It is also important to highlight some other potential limitations to the use of LP therapy as the first approach in cardiac sarcoidosis patients. Pacing indications in cardiac sarcoidosis patients are most likely due to high-grade AV block, favoring dual-chamber pacing as opposed to single-chamber (VVI) pacing, making VVI LP less ideal. However, with the current advances in LP technologies, such as the atrial sensing/ventricular pacing capabilities of Micra™, a leadless pacemaker developed by Medtronic (Minneapolis, MN, USA), and the introduction of AVEIR™, the dual-chamber LP system developed by Abbott (Chicago, IL, USA), LP can be used to deliver dual-chamber pacing, similar to TV pacing systems. Also, in the presence of a pacing indication with the concomitant presence of left ventricular (LV) impairment, guidelines recommend offering patients pacing modalities that avoid the possibility of pacemaker-induced deterioration of LV function, such as biventricular or conduction system pacing, especially those with an anticipated high burden of pacing requirement. In their current form, leadless pacemakers do not provide biventricular or physiological pacing, although further advances in the technologies are eagerly anticipated to overcome this significant limitation.

Combined device therapy

Combining an S-ICD with a leadless pacemaker could yield a viable therapy option for patients who would benefit the most from the absence of intravascular leads. This represents a novel concept for the management of such patients in whom device therapy could be further personalized to current and future needs. However, this would essentially require reliable device–device communication. The safety and efficacy of S-ICD–leadless pacemaker device-to-device communication has been evaluated previously in animal studies and was first reported in 2016.27 Since then, larger animal studies have been published evaluating the performance of combining LP with an S-ICD in acute as well as chronic (3 months) animal implants. The results of the evaluations were promising, showing stable communication thresholds between the devices throughout the 3-month study.28 Although animal model evaluations can be a useful surrogate when human evaluation is not feasible or ethical, animal models cannot fully replicate human anatomy.

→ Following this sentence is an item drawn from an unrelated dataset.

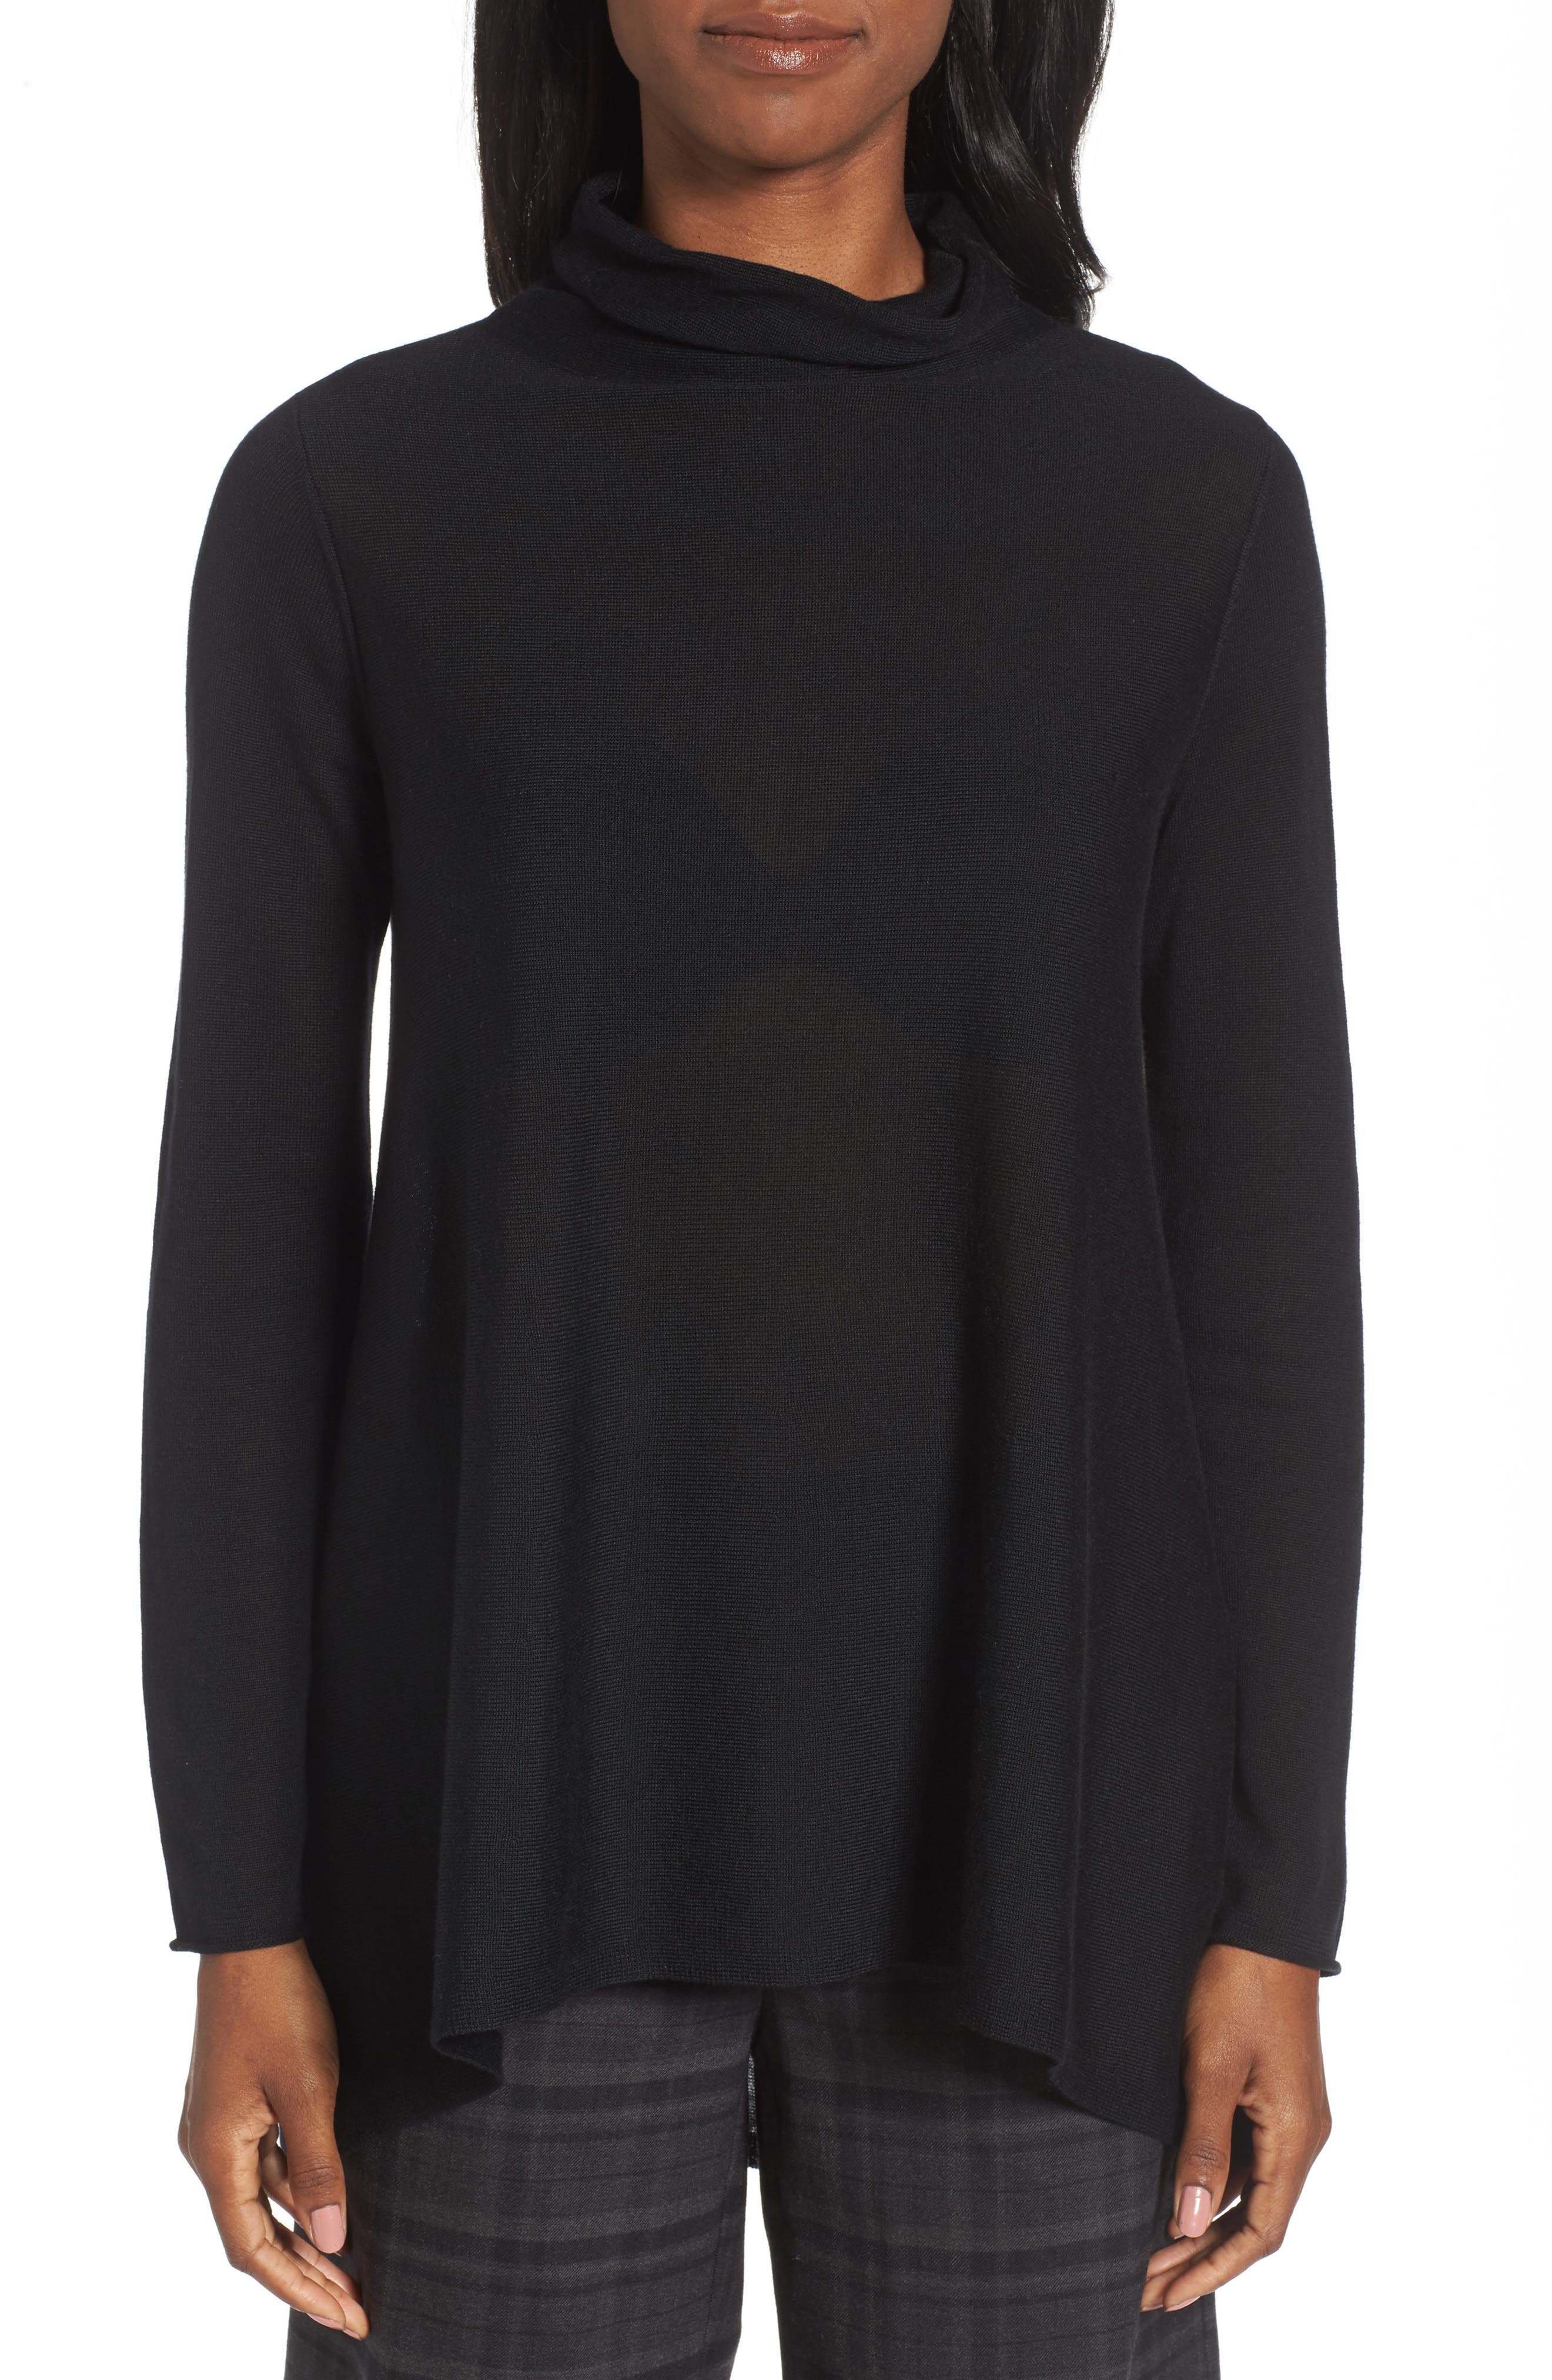 Eileen Fisher Scrunch Turtleneck Sweater

There is a paucity of literature on the use of combined leadless and S-ICD device therapy in human subjects, and published papers are mainly limited to case reports.2935 In a case series reported by Calvagna and Valsecchi, a total of 13 patients, 11 with prior TV-ICD infection and 2 with high-risk features for infection, were implanted with both S-ICDs and leadless pacemakers. Both procedures were done in the same setting following device extraction and infection resolution in the patients with prior infected ICDs. The defibrillation testing was effective, and there were no issues with S-ICD sensing. Furthermore, no complications or infections were reported during a median follow-up of 35 months. The authors concluded that simultaneous implantation of an S-ICD and leadless pacemaker is feasible and safe in patients at an elevated risk of infection requiring both ICD and pacing therapy.36

It is important to highlight that, once an S-ICD is paired with a concomitant LP system, the system loses some of its safety advantages pertaining to the risks of implanting an LP system—specifically, vascular injury, cardiac perforation, and tamponade. In addition, there are some valid concerns associated with the use of both devices together, as the effect of pacing on the sensing process of the S-ICD is not well studied. Previous investigations have demonstrated that pacing changes the morphology and amplitudes of different electrocardiogram components. Even when a patient passes S-ICD screening, it is possible that paced rhythm can affect the sensing capabilities of a concomitantly implanted S-ICD. In this case, there is a potential risk of inappropriate shock due to oversensing of the paced rhythm. We have previously demonstrated through a pilot study that it is at least theoretically feasible in most patients to concomitantly use both devices if we adopt a personalized device therapy approach, where the implantation procedure for the devices and their respective programming need to be tailored for every individual patient.37

Current guidelines recommend routine defibrillation testing in recipients of S-ICDs unless there is a clear contraindication.38 This is particularly important in the presence of a concomitant pacemaker, whether leadless or traditional. This is to ensure that the S-ICD does not inadvertently withhold therapy in the event of ventricular fibrillation after misinterpreting pacing spikes as normal ventricular activity.

In medical practice, it is imperative that the benefits are weighed against the risks associated with any treatment, and this case is not an exception. Cardiologists need to individualize the risk of SCD in cardiac sarcoidosis patients against the risks and complications associated with defibrillation protection device therapy. Further studies are required to evaluate the safety and efficacy of combining LP with S-ICD in human subjects. We believe that cardiac sarcoidosis patients, who could not benefit from the recent advances in device therapy before, have the potential to benefit the most from such a new concept of combined device therapy with mitigation of some of the risks associated with traditional device therapy. This possible shift in the risks associated has the potential to tip the balance toward offering more patients a potentially lifesaving therapy that is currently withheld owing to the risk of the traditional therapy itself.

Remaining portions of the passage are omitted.